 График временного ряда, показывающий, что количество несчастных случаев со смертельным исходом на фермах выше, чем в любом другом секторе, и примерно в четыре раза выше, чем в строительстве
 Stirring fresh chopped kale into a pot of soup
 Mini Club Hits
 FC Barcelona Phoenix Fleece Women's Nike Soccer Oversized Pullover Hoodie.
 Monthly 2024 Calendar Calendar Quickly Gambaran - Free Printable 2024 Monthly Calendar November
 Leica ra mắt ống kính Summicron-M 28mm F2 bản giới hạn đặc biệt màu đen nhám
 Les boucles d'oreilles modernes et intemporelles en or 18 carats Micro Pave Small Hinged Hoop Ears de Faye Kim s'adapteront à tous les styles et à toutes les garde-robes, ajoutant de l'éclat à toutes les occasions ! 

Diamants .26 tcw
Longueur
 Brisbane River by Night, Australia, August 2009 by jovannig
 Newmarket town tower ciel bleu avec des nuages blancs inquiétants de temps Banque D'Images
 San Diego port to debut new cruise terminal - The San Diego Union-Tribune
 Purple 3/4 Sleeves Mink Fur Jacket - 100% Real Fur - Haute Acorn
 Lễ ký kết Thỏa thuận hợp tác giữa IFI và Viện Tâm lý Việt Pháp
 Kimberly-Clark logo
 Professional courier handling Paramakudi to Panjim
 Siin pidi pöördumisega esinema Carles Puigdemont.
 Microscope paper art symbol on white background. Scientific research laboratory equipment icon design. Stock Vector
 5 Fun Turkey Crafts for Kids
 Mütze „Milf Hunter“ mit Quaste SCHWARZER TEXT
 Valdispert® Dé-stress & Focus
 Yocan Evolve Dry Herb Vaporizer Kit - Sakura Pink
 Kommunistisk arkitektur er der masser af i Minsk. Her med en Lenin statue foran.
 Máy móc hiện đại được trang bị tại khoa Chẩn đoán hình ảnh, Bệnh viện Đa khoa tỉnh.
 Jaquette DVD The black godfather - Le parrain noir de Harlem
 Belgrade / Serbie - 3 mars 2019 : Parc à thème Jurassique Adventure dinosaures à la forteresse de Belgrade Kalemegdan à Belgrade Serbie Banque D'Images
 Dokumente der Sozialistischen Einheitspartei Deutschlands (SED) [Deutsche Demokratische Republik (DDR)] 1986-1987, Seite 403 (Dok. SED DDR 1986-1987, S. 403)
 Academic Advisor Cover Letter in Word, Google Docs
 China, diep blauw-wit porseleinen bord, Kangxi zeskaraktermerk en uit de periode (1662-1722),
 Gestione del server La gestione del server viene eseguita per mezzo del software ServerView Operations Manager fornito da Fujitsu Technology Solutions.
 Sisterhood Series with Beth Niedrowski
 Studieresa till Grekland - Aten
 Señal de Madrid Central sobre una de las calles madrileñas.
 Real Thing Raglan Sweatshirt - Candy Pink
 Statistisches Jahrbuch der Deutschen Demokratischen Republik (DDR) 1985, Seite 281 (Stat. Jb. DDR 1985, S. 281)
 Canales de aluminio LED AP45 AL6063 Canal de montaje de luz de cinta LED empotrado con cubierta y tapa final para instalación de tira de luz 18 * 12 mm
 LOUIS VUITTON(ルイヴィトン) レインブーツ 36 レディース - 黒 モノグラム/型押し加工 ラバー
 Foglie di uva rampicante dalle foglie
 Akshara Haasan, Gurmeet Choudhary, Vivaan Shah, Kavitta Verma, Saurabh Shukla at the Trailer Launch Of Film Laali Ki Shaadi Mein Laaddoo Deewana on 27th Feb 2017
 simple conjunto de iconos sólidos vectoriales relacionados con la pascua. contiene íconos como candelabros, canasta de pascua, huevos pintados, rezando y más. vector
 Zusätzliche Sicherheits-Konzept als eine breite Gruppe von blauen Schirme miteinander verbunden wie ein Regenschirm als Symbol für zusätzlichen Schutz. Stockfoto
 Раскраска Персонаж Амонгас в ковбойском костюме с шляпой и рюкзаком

WHAT THIS TASK INVOLVES
In the entries above, locate every line with the word "Republik" and copy it.

ANSWER TO THIS PROBLEM
 Dokumente der Sozialistischen Einheitspartei Deutschlands (SED) [Deutsche Demokratische Republik (DDR)] 1986-1987, Seite 403 (Dok. SED DDR 1986-1987, S. 403)
 Statistisches Jahrbuch der Deutschen Demokratischen Republik (DDR) 1985, Seite 281 (Stat. Jb. DDR 1985, S. 281)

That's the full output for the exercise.